1001 Albums You Must Hear Before You Die: 185. The Who – Live At Leeds (1970)
Once again I shall repeat my usual caveats about live albums: One, they are often just compilation albums that are acceptable to music snobs, and Two, if they are good they capture the feel of a particular time and place, otherwise they’re just albums tracks with applause at the end. Johnny Cash In Folsom was good at actually capturing the vibe, while, say, Ellington At Newport really didn’t, at least not the original release. Coming off that point is, how well does the album capture the event that you can feel like you were there, even if you weren’t?

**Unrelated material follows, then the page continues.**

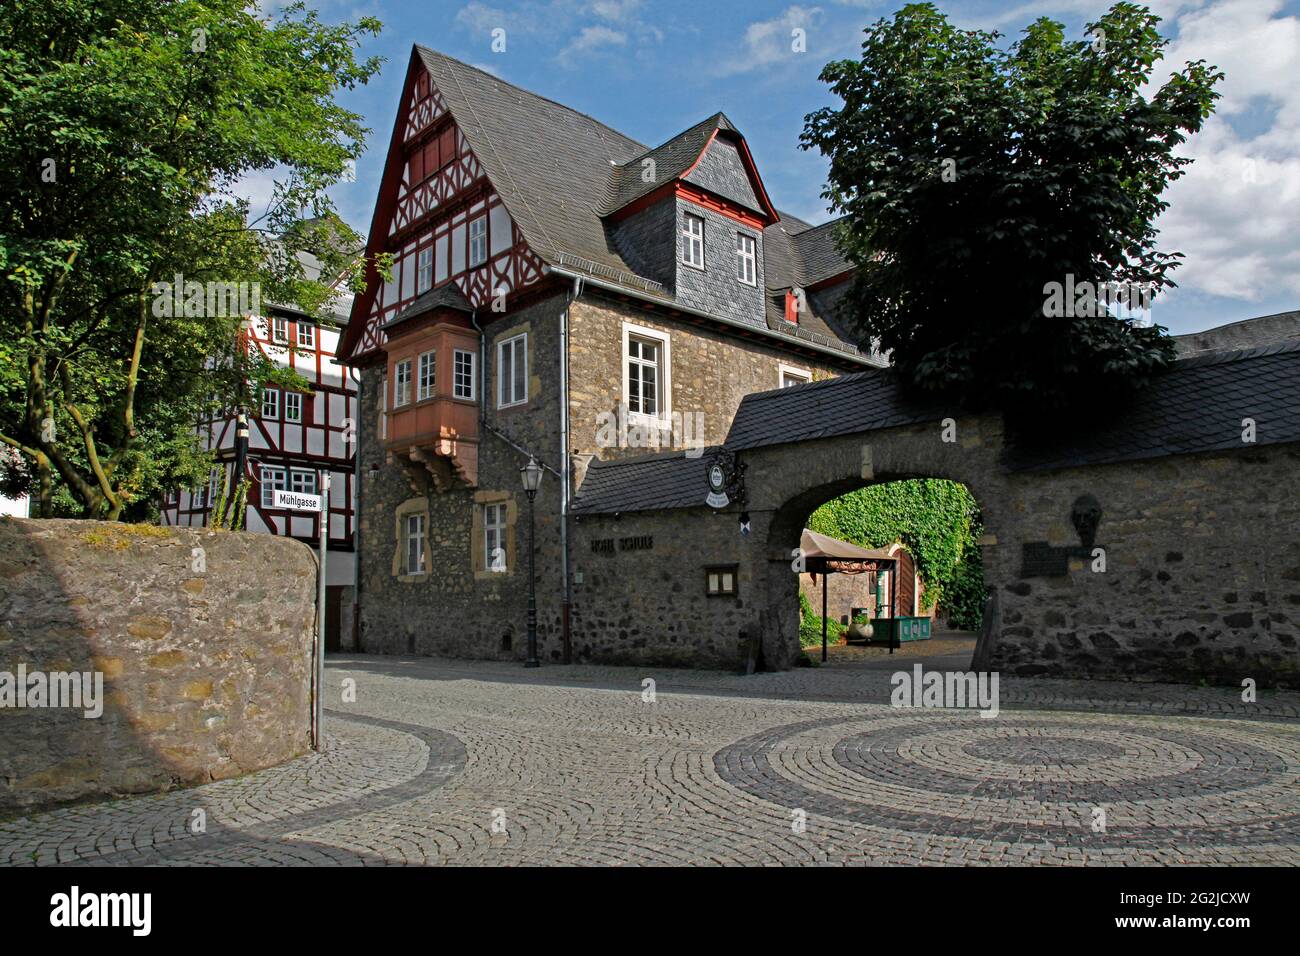 Museum, former high school, built 1591-99 over the foundations of the medieval town hall, Herborn, Hesse, Germany Stock Photo

And then, more specifically, how well does
this particular live album work?
I listened to the extended version, which
comparing the track listings is probably a much better experience than the
original, very truncated, release. It was performed at Leeds University,
according to Daltrey in one of his audience asides, their first gig in the UK
for a long time. The sound is hard and heavy, with full-on wall of noise bass,
and they do some covers of old Rock and Roll hits like Summertime Blues (but not
as heavy as the Blue Cheer version), as well as Who classics like Substitute,
My Generation, and Magic Bus. Missing from the original are a medley of tracks
from Tommy (although apparently the band did the whole lot), and the live
version of My Generation continues as a jam that includes some further themes
from Tommy, including the Hear Me, Feel Me refrain. The crowd sounds really
small from the applause, this may simply be bad recording of the ambients (when
Daltrey talks to the audience he’s often mixed really quietly as well), but The
Who give it their all even if (or perhaps because of) the small venue (although
I just checked, the venue can host 2100 people, so not that small). Blame the
sound engineer; this is probably also why Daltrey says that “we normally
feature Keith Moon singing, but today we just have to feature him”.
There’s a track on the extended version,
I’m A Boy, which sounds to modern ears like a really progressive approach to
transgender identity – the singer is treated by their parents as a girl but
actually claims to be a boy (“but my Pa won’t admit it”). Reading up on that,
though, because I was curious, it stems from an abandoned idea for a rock opera
where parents can choose the sex of their child, and one couple order four
girls but get a boy in the mix by mistake whom they treaty as a girl. So the
singer actually is male, forced into a female identity. I guess… it kinda still
works, although it’s not Lou Reed levels of gender fluidity.